Input data Start Marker
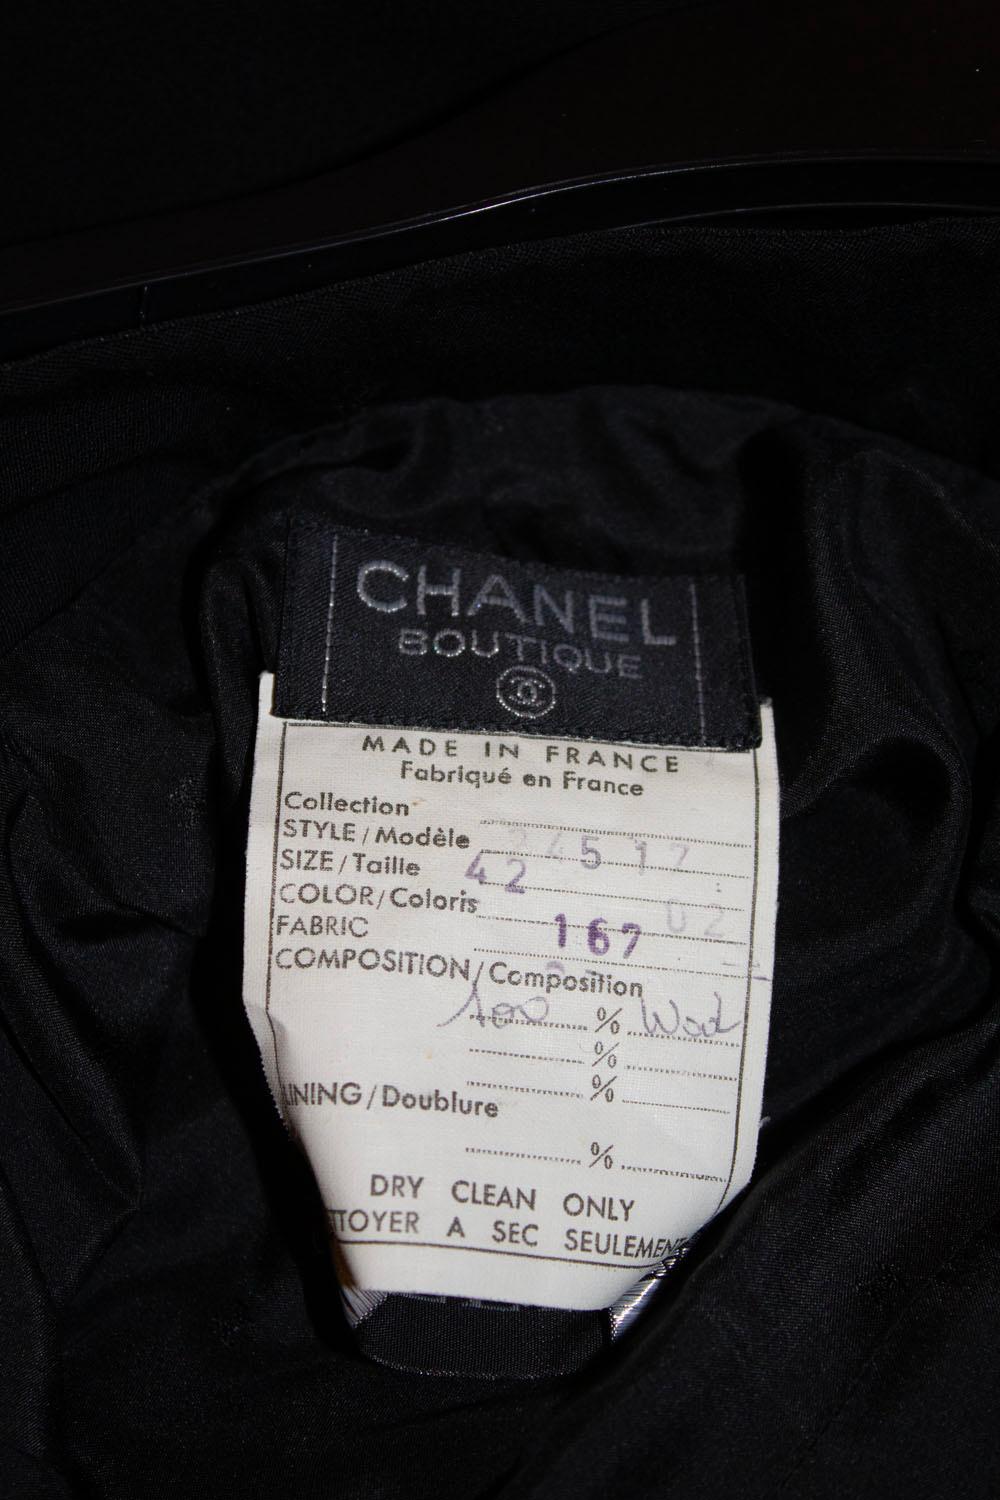 Ein atemberaubendes Paar Vintage Chanel Smoking-Stil Hosen.  Die Hose hat ein schwarzes Satinband, das an der Seite entlangläuft, einen Taillenverschluss mit zwei Knöpfen und einen Reißverschluss. Sie sind vollständig gefüttert.
Größe 42 , Maße:
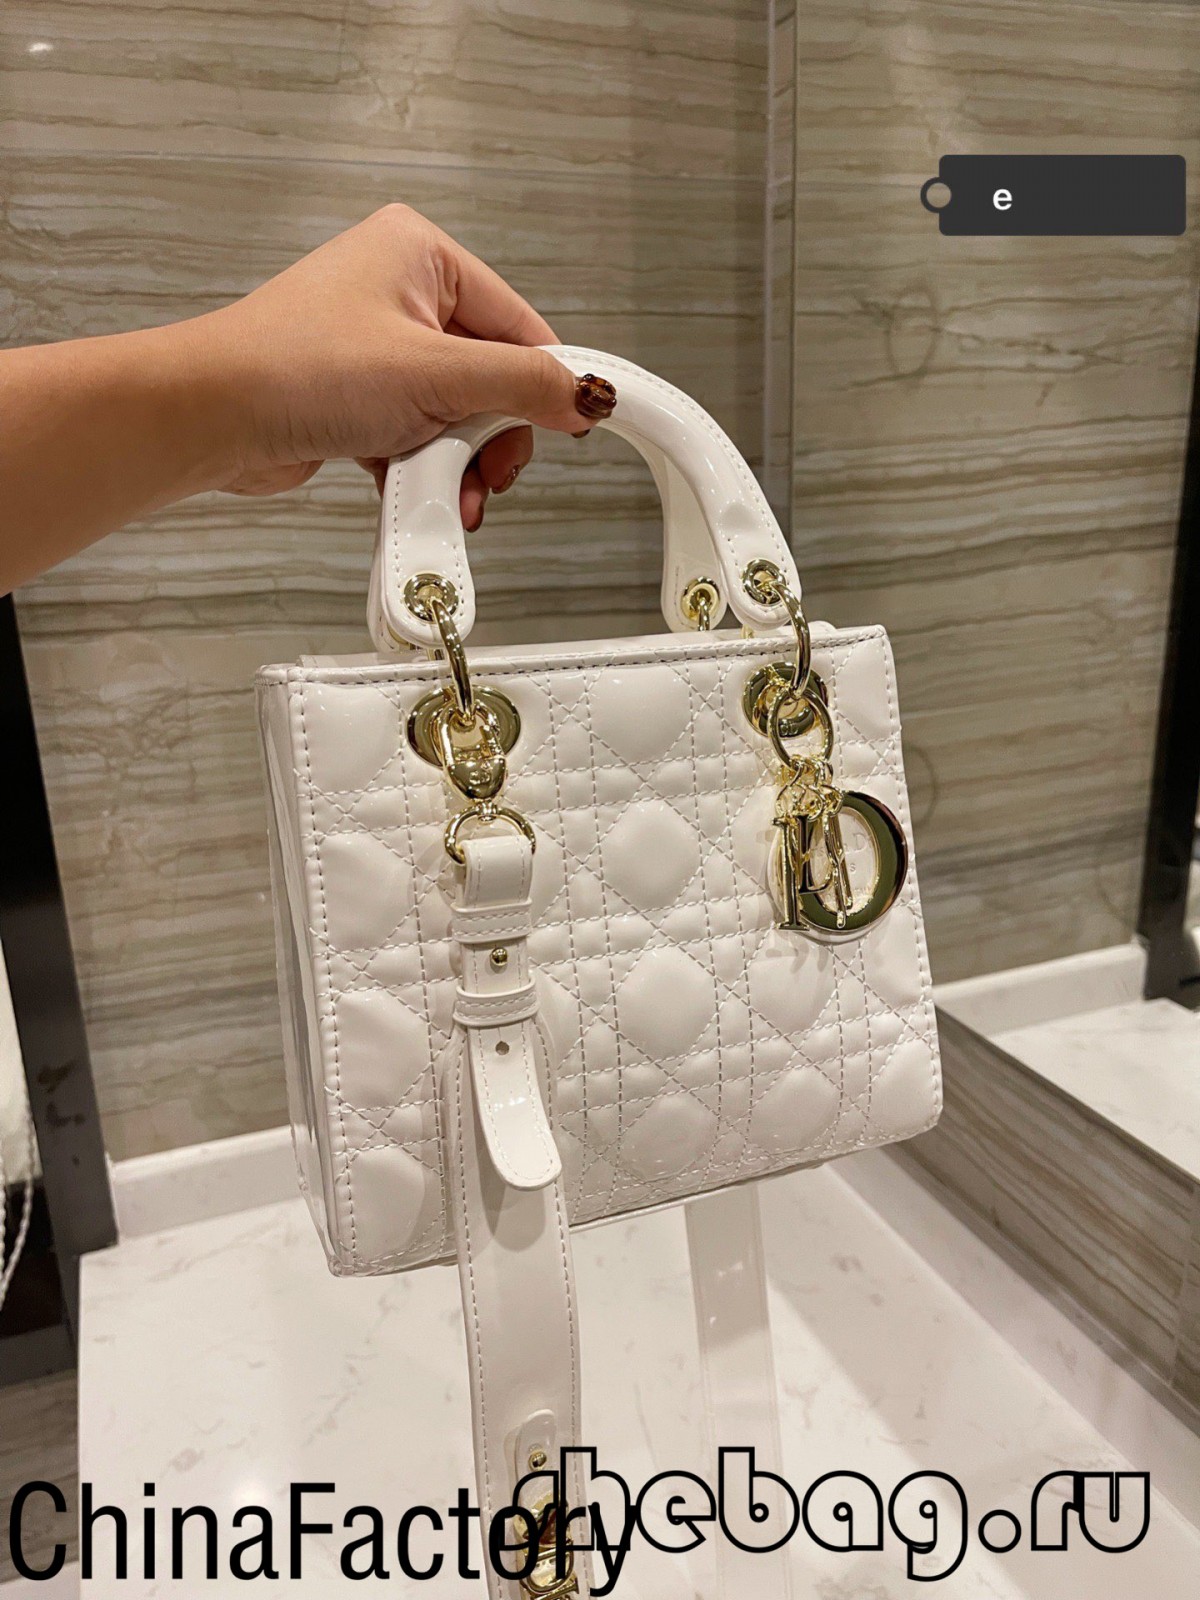 Huippulaadukas Replica Lady Dior -minilaukku verkkomyynti (2022 kuumin) - Paras laatu Fake Louis Vuitton Bag -verkkokauppa, Replikan suunnittelijalaukku ru
Input data End Marker
» Task brief
Repeat the data above in full and exactly. Omit every image.

» Expected answer
 Ein atemberaubendes Paar Vintage Chanel Smoking-Stil Hosen.  Die Hose hat ein schwarzes Satinband, das an der Seite entlangläuft, einen Taillenverschluss mit zwei Knöpfen und einen Reißverschluss. Sie sind vollständig gefüttert.
Größe 42 , Maße:
 Huippulaadukas Replica Lady Dior -minilaukku verkkomyynti (2022 kuumin) - Paras laatu Fake Louis Vuitton Bag -verkkokauppa, Replikan suunnittelijalaukku ru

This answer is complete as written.